[Records for this task]
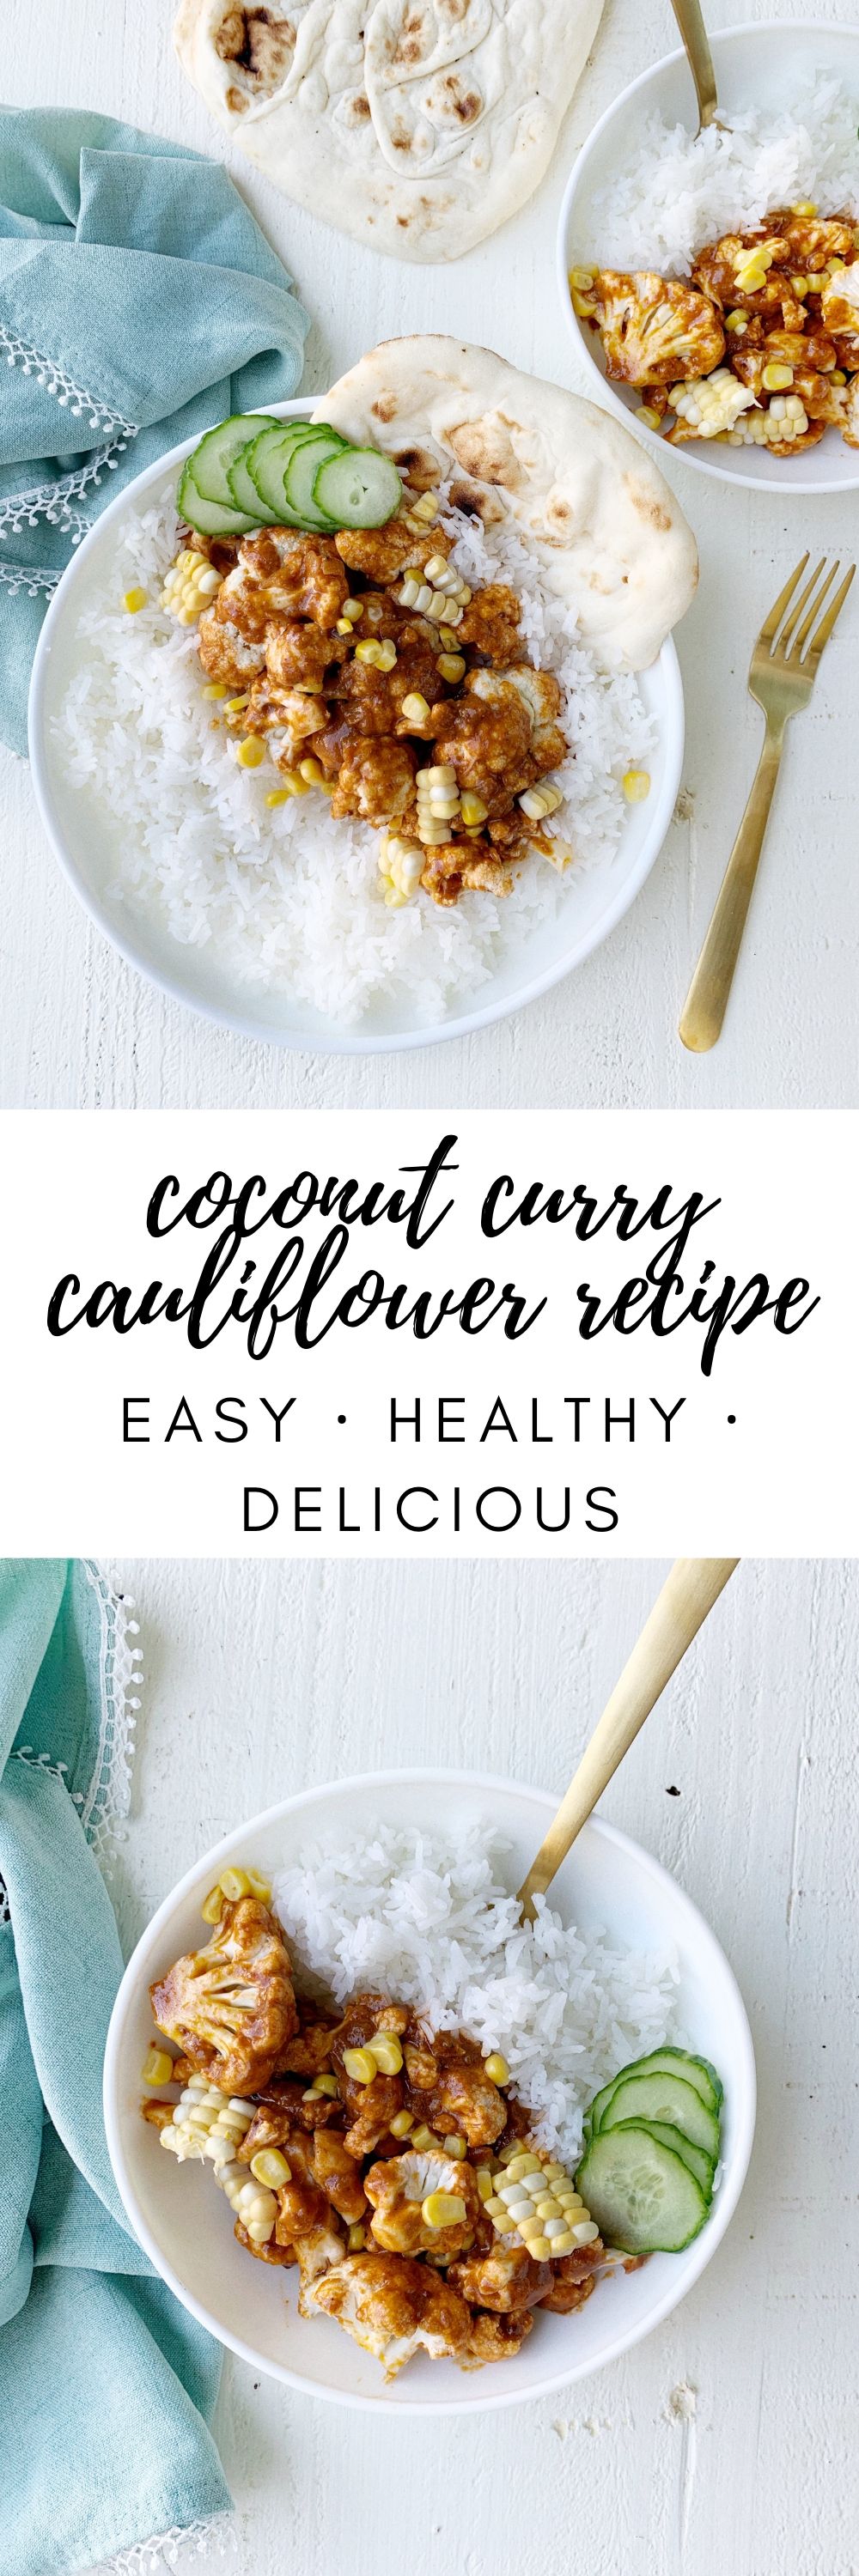 coconut curry cauliflower recipe
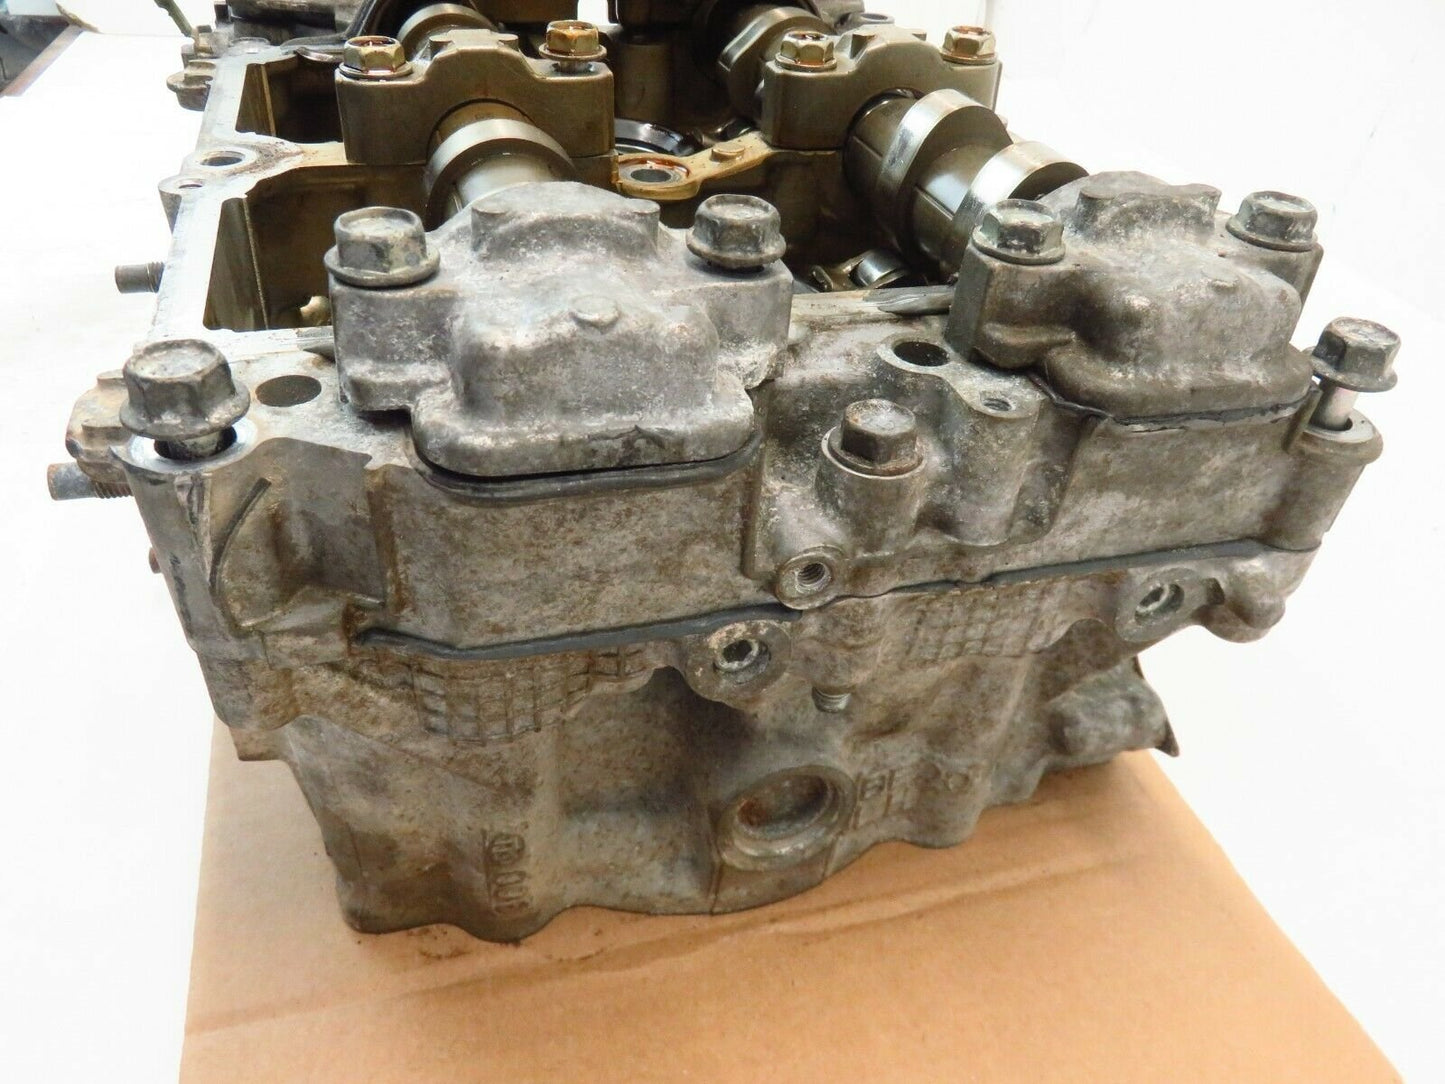 2015-2017 Subaru Crosstrek Driver Cylinder Head Assembly Engine LH 15 16 17
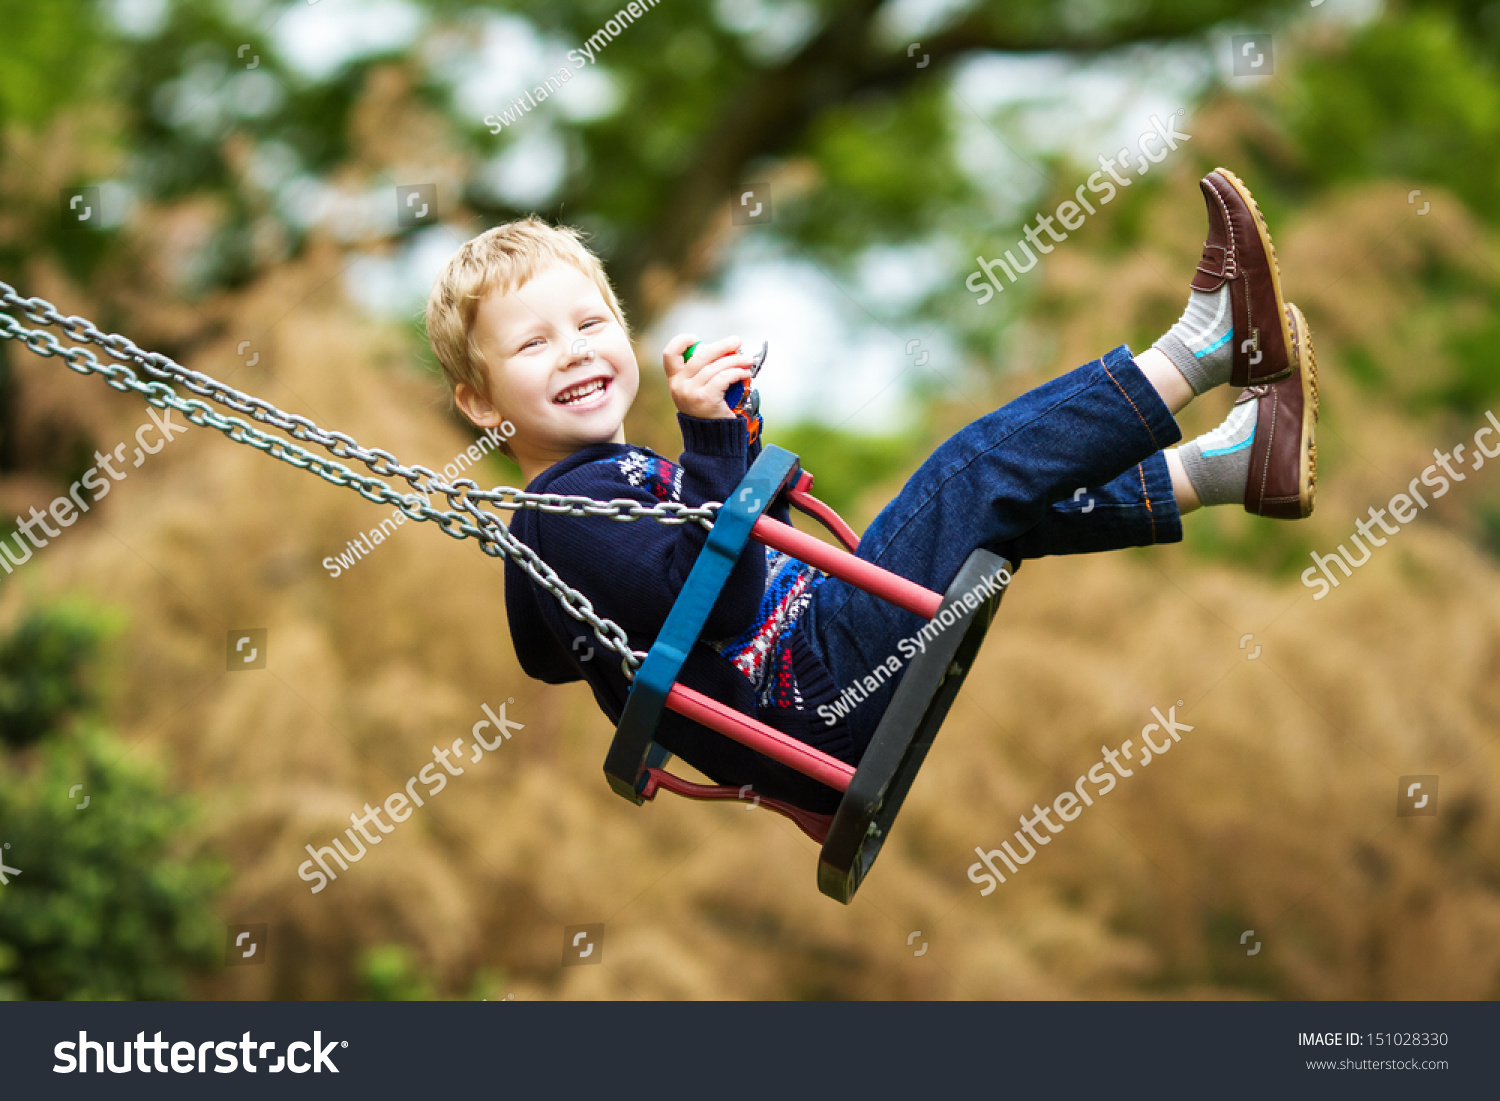 Little Child On Swing Stock Photo 151028330 : Shutterstock
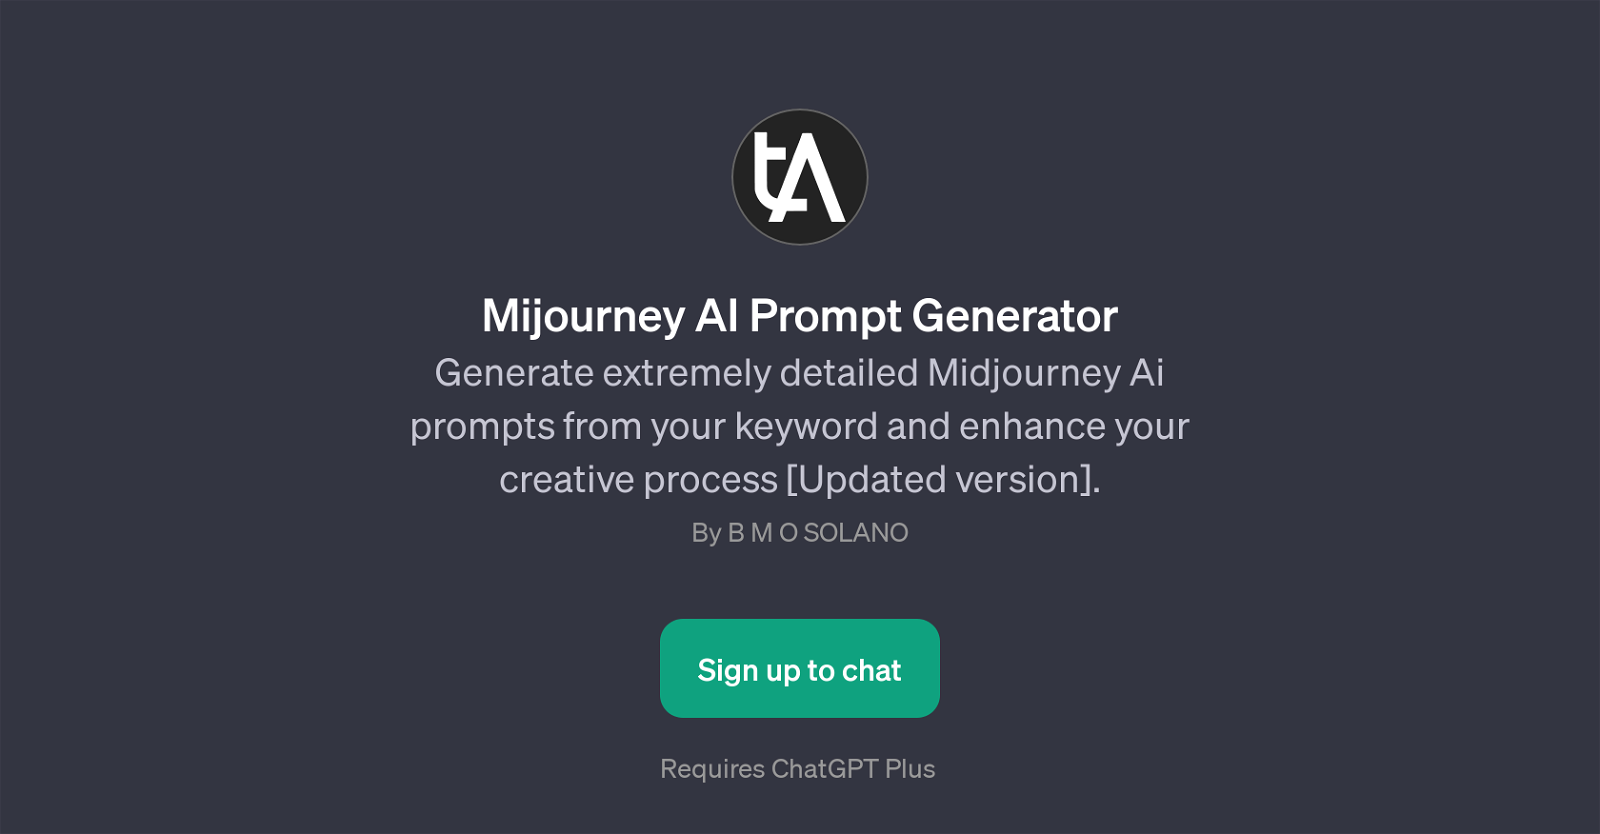 Mijourney AI Prompt Generator website
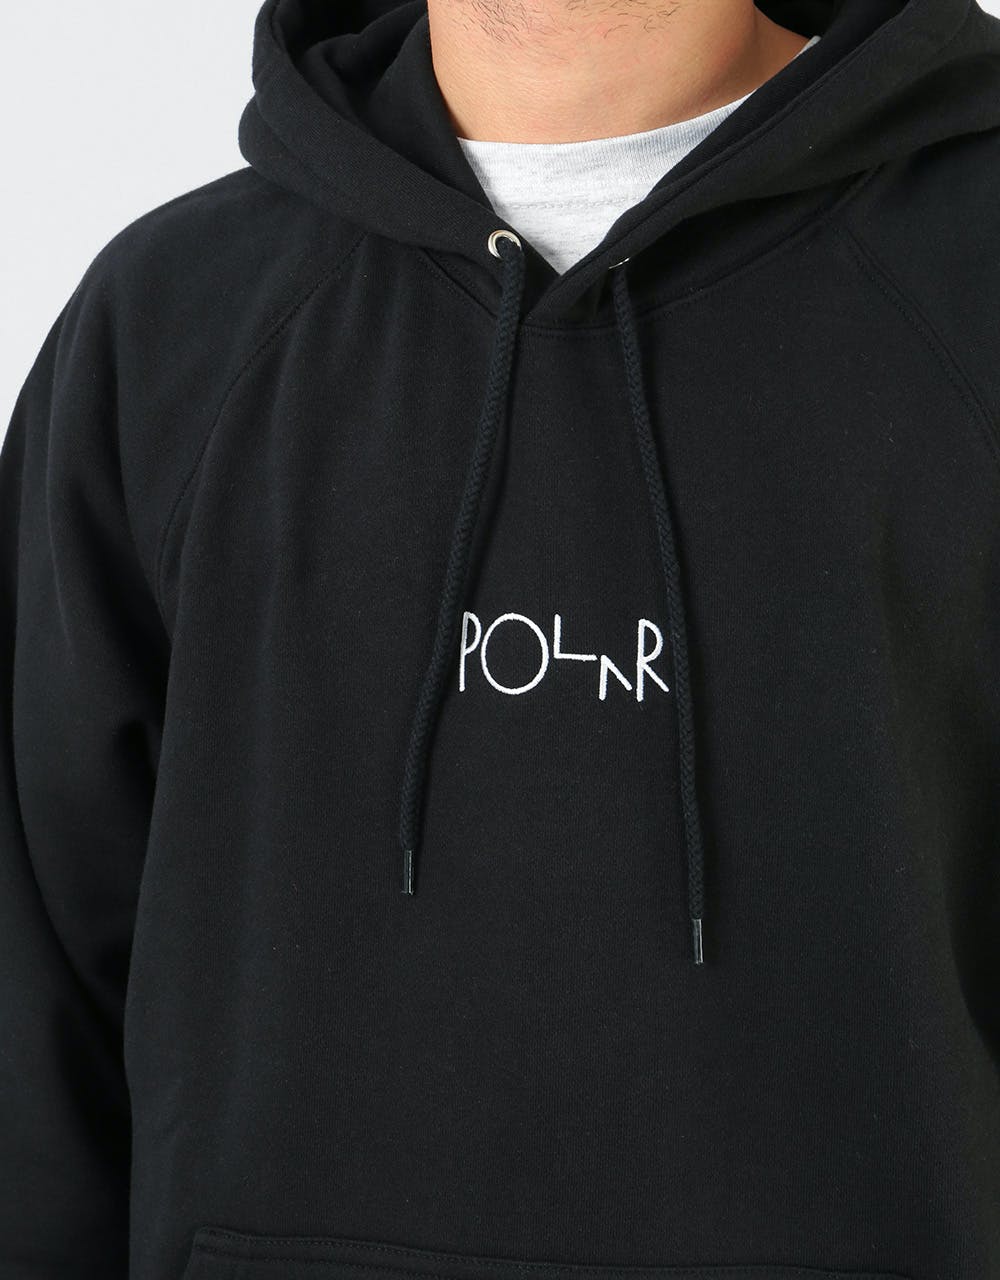 Polar Default Pullover Hoodie - Black
[/Records for this task]
**What the task requires**
Starting at the line that contains "Little Child On", please write out each line through the last line of the data, both ends included, and keep pictures out of the copy.

**Written response**
 Little Child On Swing Stock Photo 151028330 : Shutterstock
 Mijourney AI Prompt Generator website
 Polar Default Pullover Hoodie - Black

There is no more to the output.